1) ГСН может получить информацию о движении цели, пока цель была ещё в поле зрения РЛС/ОЛС/НСЦ в пределах их зон обзора.
2) Сейчас существуют и стоят уже на тех же F-22 и F-35 системы обзора, обозревающие всю сферу и выдающие информацию о движении теплоконтрастных целей по всей сфере. *Эти же устройства выдают и целеуказание ракетам.*
http://www.youtube.com/watch?v=rUj3JTe1nVI
http://www.youtube.com/watch?v=wVrdQhYQI1M
http://www.youtube.com/watch?v=9fm5vfGW5RY



> - full sphere launch capability - перевёл бы так: возможность пуска в любую (во все) сферу. Но сферу (полусферу) всё же цели.


- А видеоклип лень было посмотреть?!
http://www.youtube.com/watch?v=nWG2PkwKiaQ

----------


## juky-puky

> Юки
> Термин-АРУ-не катит в цифровой технике,где существуют уровни логического 0 и 1. В фотоцифровиках и видеокамерах совсем другой наворот. Сопоставление их с ГСН думаю не совсем корректно...


- Думать, разумеется, Вы можете всё, что угодно:
*Автоматическая регулировка усиления (чувствительности) в цифровых камерах*
*Автоматическая регулировка усиления (чувствительности) в цифровых камерах*

----------


## Observer69

> - Как говорят в подобных случаях американцы: *"Врёт как проповедник"*...


Хм... Вы только что признались, что ничего не знаете. А теперь получается, что проповедник это не Вы???  :Eek: 




> Поэтому вопрос прежний: где Вы набрались подобных "премудростей"?! (Кроме просмотра видеоклипов в You Tube?)


Я не смотрел ни одного клипа по теме в Ю тюб, в отличие от Вас. Я их только могу туда вбросить. При необходимости.  :Biggrin: 
Поэтому если Вы не можете даже правильно интерпретировать то, что видите в мурзилке, то мой Вам совет - не читайте американских газет на военно-технические темы смотрите рекламные ролики.

----------


## Sanych62

> - 
> http://www.youtube.com/watch?v=rUj3JTe1nVI
> http://www.youtube.com/watch?v=wVrdQhYQI1M
> http://www.youtube.com/watch?v=9fm5vfGW5RY
> http://www.youtube.com/watch?v=nWG2PkwKiaQ


 Мультики и про Су-27 с его ракетами есть.

 Касаемо не мультиков, то речь там идёт лишь об оптических (тепловизионных) датчиках (детекторах) пуска ракет, но не о РЛС. Что-то Ваши ссылки часто не в тему... :Frown: 

 - Установить же РЛС заднего обзора на F-22 и  F-35 ПМСМ не позволяет конструкция хвостовой части самолётов.

----------


## Observer69

> Юки
> Термин-АРУ-не катит в цифровой технике,где существуют уровни логического 0 и 1. В фотоцифровиках и видеокамерах совсем другой наворот.
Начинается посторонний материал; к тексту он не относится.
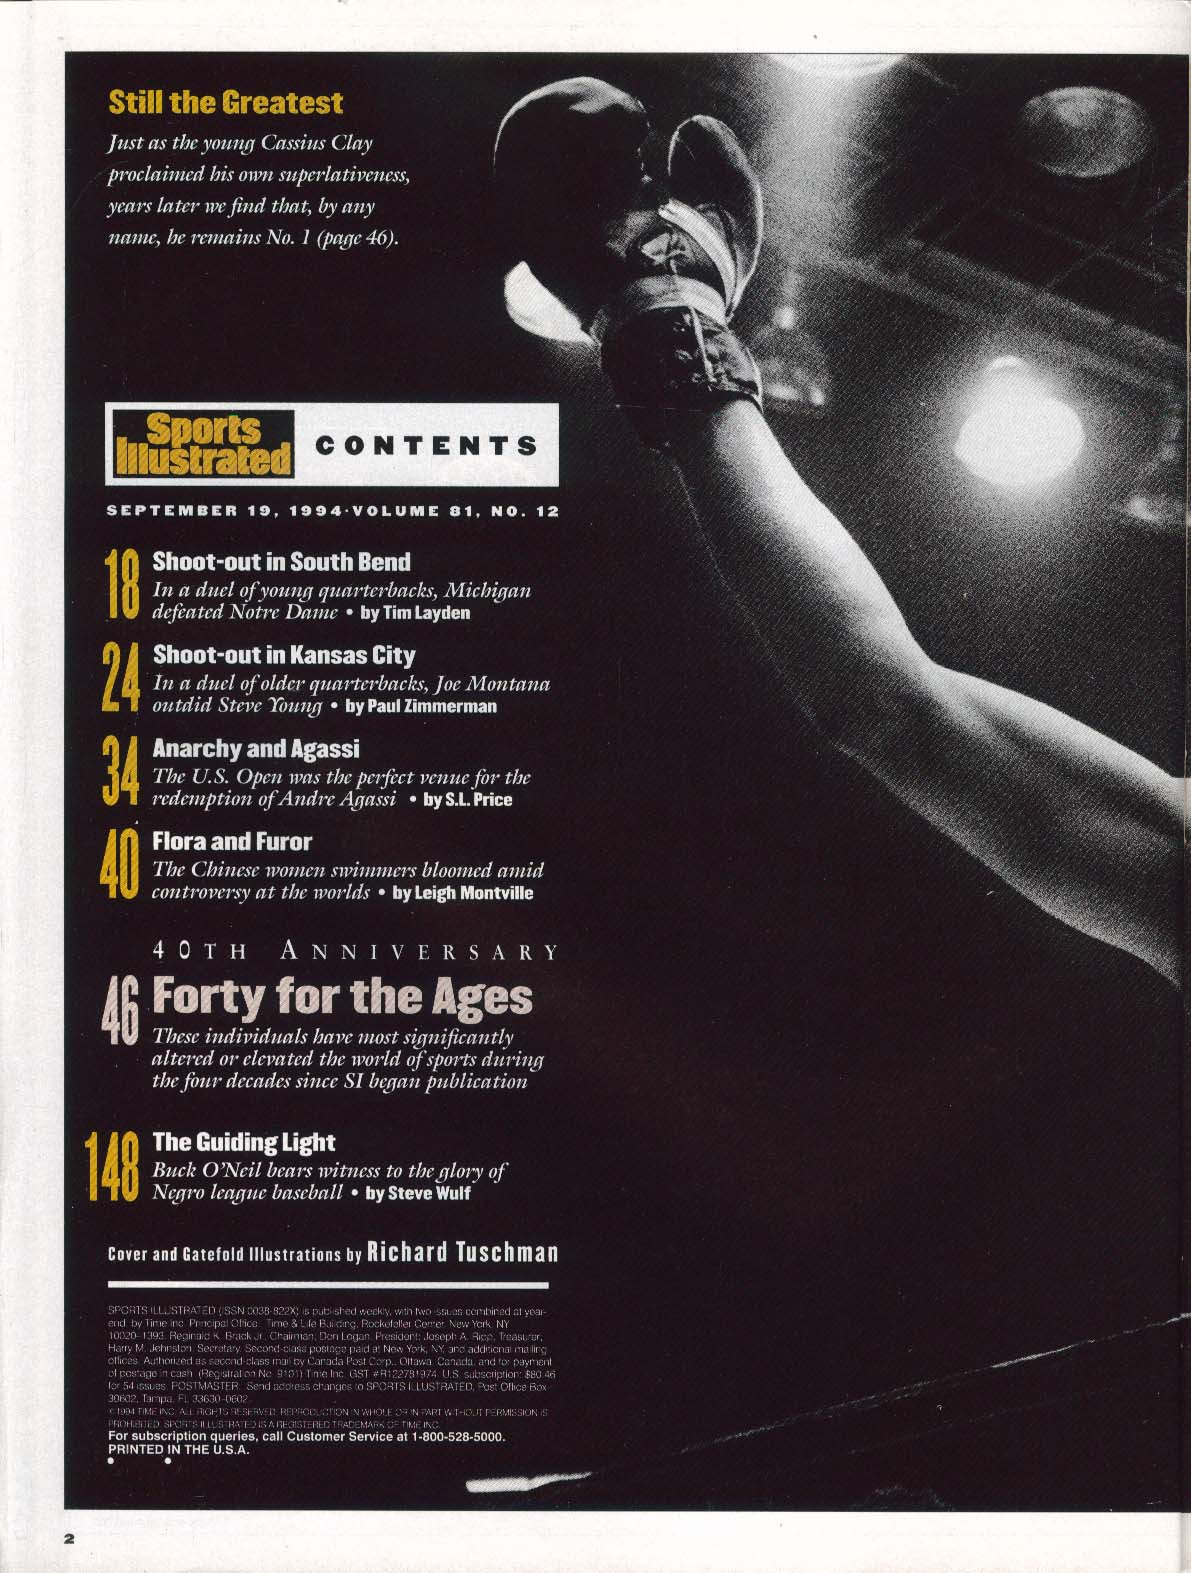 SPORTS ILLUSTRATED Hank Aaron Muhammad Ali Larry Bird Jim Brown Dr J + 9/19 1994
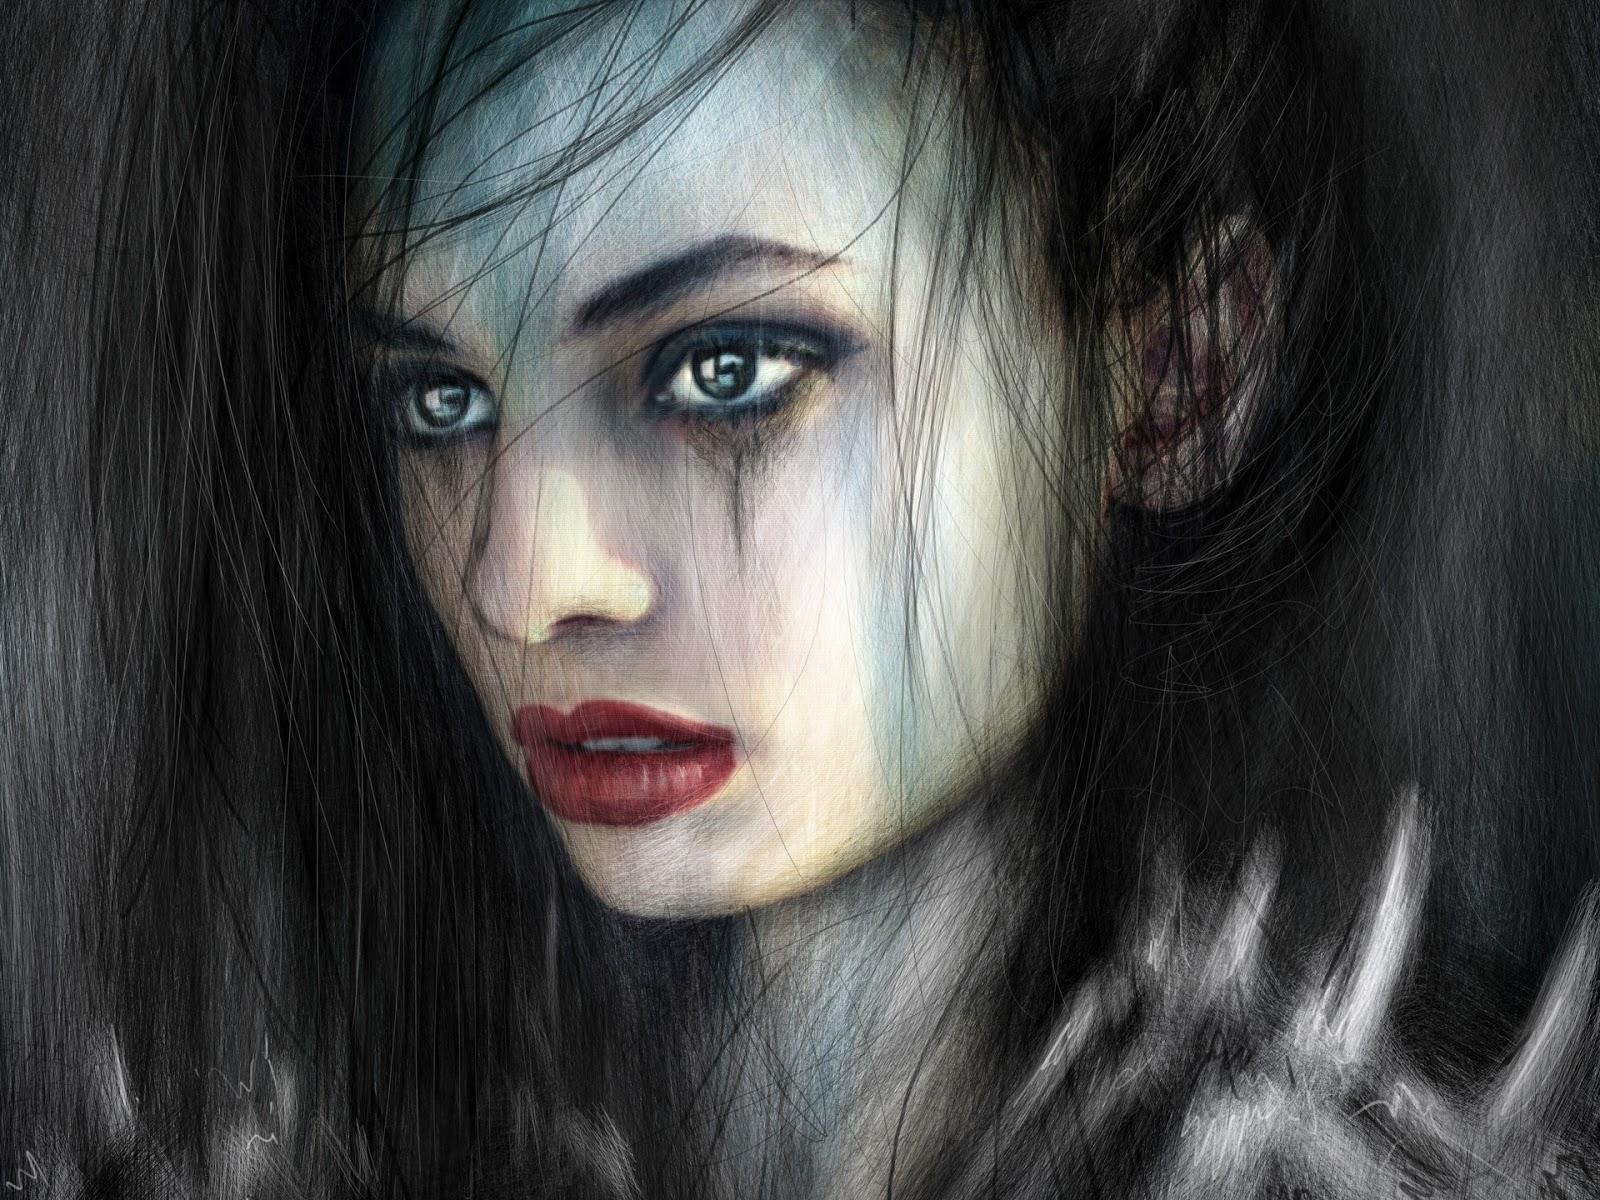 Gothic fantasy portrait painting by Justin Gedak

Сопоставление их с ГСН думаю не совсем корректно...


АРУ безусловно там есть, только вот это открытие для новичков, вроде Вашего оппонента. Имнно АРУ является СЛАБЫМ местом приёмно-усилительных систем и часто является их ахиллесовой пятой. 
Вы наверное не помните, что когда молодёжь слушала на Голос Америки и Би-би-си музыкальные передачи с Deep Purle и Led Zeppelin, наши органы, ответственные за глушение вражеских "голосов", как раз так и делали - воздействовали именно на АРУ (прославляемую тут кем-то).
Прямое зашумление  было слишком очевидным и грубым и вызывало пересуды и недовольство "продвинутой" молодёжи. Политика им всё равно была "до лампочки".
Поэтому здесь поступали хитрее.
Сначала отключали глушилки и проводили точное измерение несущей. Потом врубали передатчики глушилок БЕЗ модуляции шумом, т.е. чистую несущую, точно совпадающую о частоте с вражеской.
Что делала АРУ приёмников у меломанов? Правильно резко "гасила" усиление приёмного тракта.
Что происходило в динамике приёмника? Правильно звук просто стихал.  Т.е. стихал насовсем. Нафик. 
Казалось, что просто выключили передатчик на вражеской стороне. Никакого шума. Просто радиостанция не работает. И точка.

Логику уловили? Если дать сильный сигнал в произвольную точку матрицы, НЕ совпадающую с целью, то АРУ САМА уменьшит полезный сигнал от цели, сделав её невидимой на фоне шума. САМА. 

Итак АРУ - это сильная дырка в помехозащите.

----------


## juky-puky

> Хм... Вы только что признались, что ничего не знаете. А теперь получается, что проповедник это не Вы???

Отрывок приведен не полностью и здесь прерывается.